La razón de mi vida
- Book cover, first edition
- Author: Eva Perón
- Language: Castilian Spanish
- Publisher: Peuser
- Publication date: 1951

= La razón de mi vida =

Autobiography of Eva Perón

La Razón de mi vida (literal translation: "The Reason for My Life") is the autobiography of Eva Perón, First Lady of Argentina from 1946 until her death in 1952. The book was published in 1951 shortly before Eva's death, and is considered a propagandistic piece for Peronism, the political movement her husband, Juan Perón, started. The book explains how things such as class differences, labor rights, gender roles, and unions work in a Peronist world. In 1952, after her death, the book became required reading for government employees.

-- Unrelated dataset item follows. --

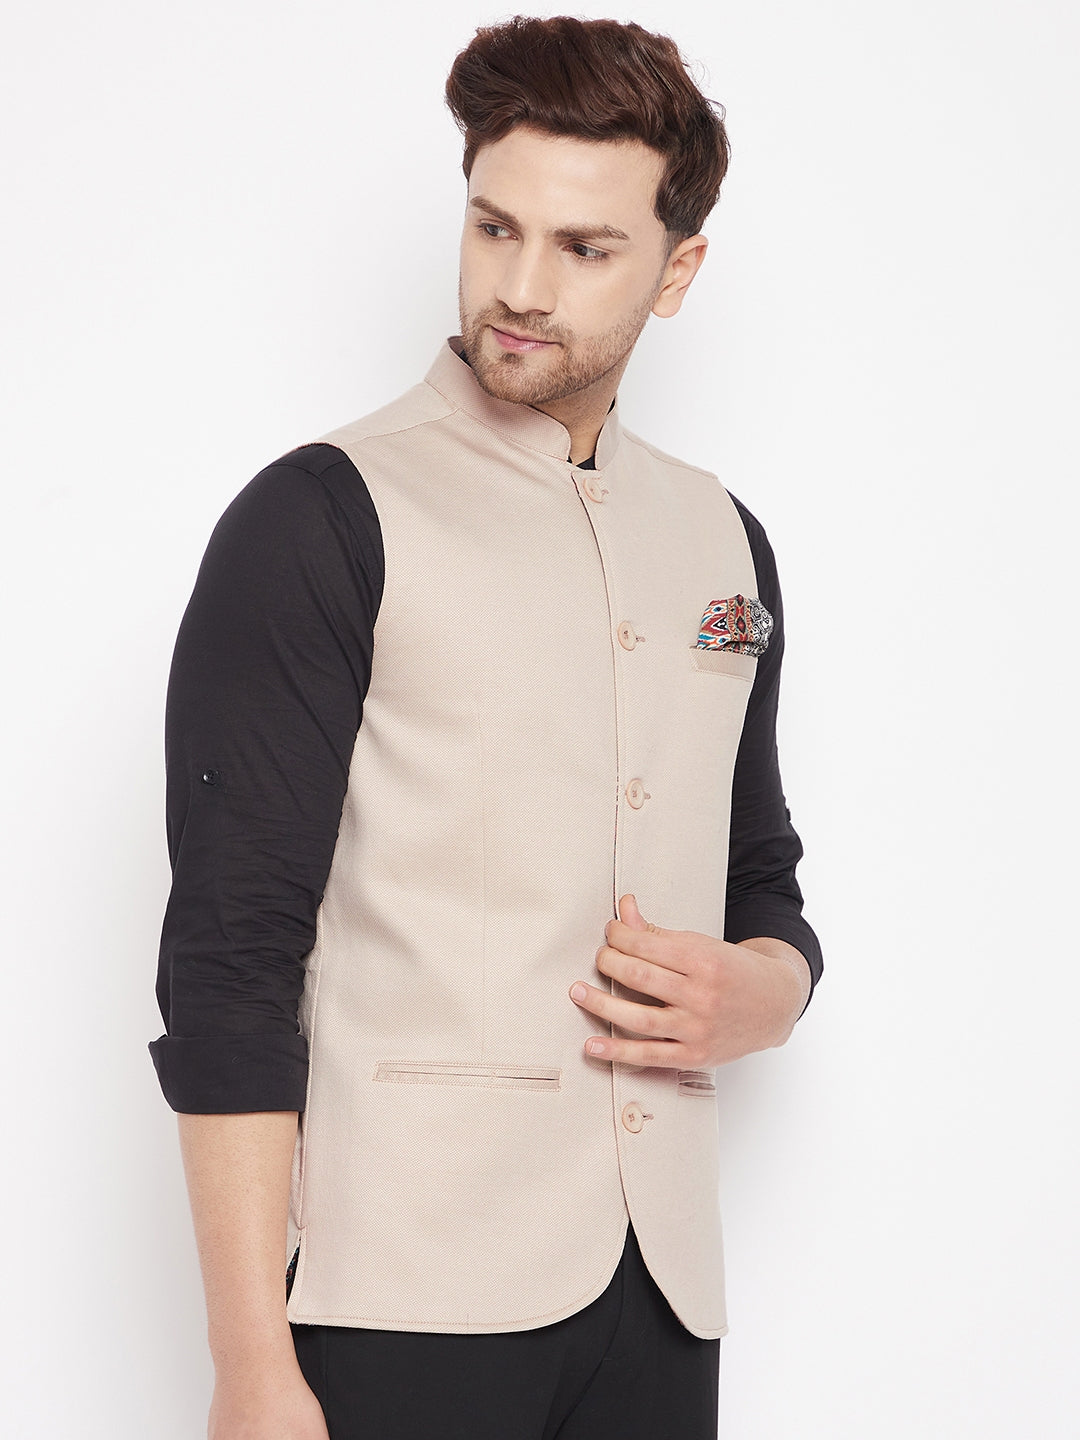 Men's Cream Color Woven Nehru Jacket - Even Apparels

It has been published in English under the titles My Mission in Life, and Evita by Evita.

== Authorship ==
Despite being credited to Eva Perón, much of the writing of the book was not done by her. In 1950, Spanish journalist Manuel Penella da Silva was hired to work on a memoir for Eva. At the end of that year, a completed manuscript of what would eventually become La Razón de Mi Vida was presented to Juan Perón and other members of his administration for review. It was disliked by those who read it, for reasons including the fact the language used was more consistent with the Spanish dialect in Spain than in Argentina. Juan Perón gave the manuscript to Raúl Menda, one of his speechwriters. The manuscript was heavily reworked, removing things such as a chapter of feminist analysis of Eva and her political contributions. The final version produced by these revisions is the version of the book seen today. Due to the high involvement of the Peron regime in its creation, many historians consider the book a work of propaganda more than an accurate account of Eva Perón's life.

== Content and themes ==
Despite being an autobiography, the book's focus often strays from Eva Perón herself. For example, the book contains little information about Eva's life before she met her husband, Juan Perón. Once Juan Perón is introduced into the narrative, the book simultaneously aggrandizes Eva and minimizes her to being Juan's shadow.

The book describes how Evita became aware of class differences and struggles as a child. It repeated ideas and messages Eva often spoke of in her speeches and expanded on Peronism. Throughout the book, Juan Perón is characterized as the ideal Argentinian man, leader, and father, and Eva as the ideal woman, follower, and mother.

The style of the book is casual and personal. It is set in present tense, a deviation from the expected norms of autobiographies. It mimics the way Eva would speak while delivering speeches, and is arguably an extension of her public persona.

== Literary context ==
Before the publication of La Razón in 1951, autobiography as a genre in Argentina was almost entirely dominated by upper-class men. Eva Perón, as a lower-class woman born of an extra-marital affair and an ex-actress, represented a deviation from the genre's established norms.

== Publication history ==
In English, the book has been published under a couple different names. In 1953, it was translated by Ethel Cherry and published under the title My Mission in Life, and in 1980 it was published under the title Evita by Evita.

The book has also been translated into German, French, and many other languages.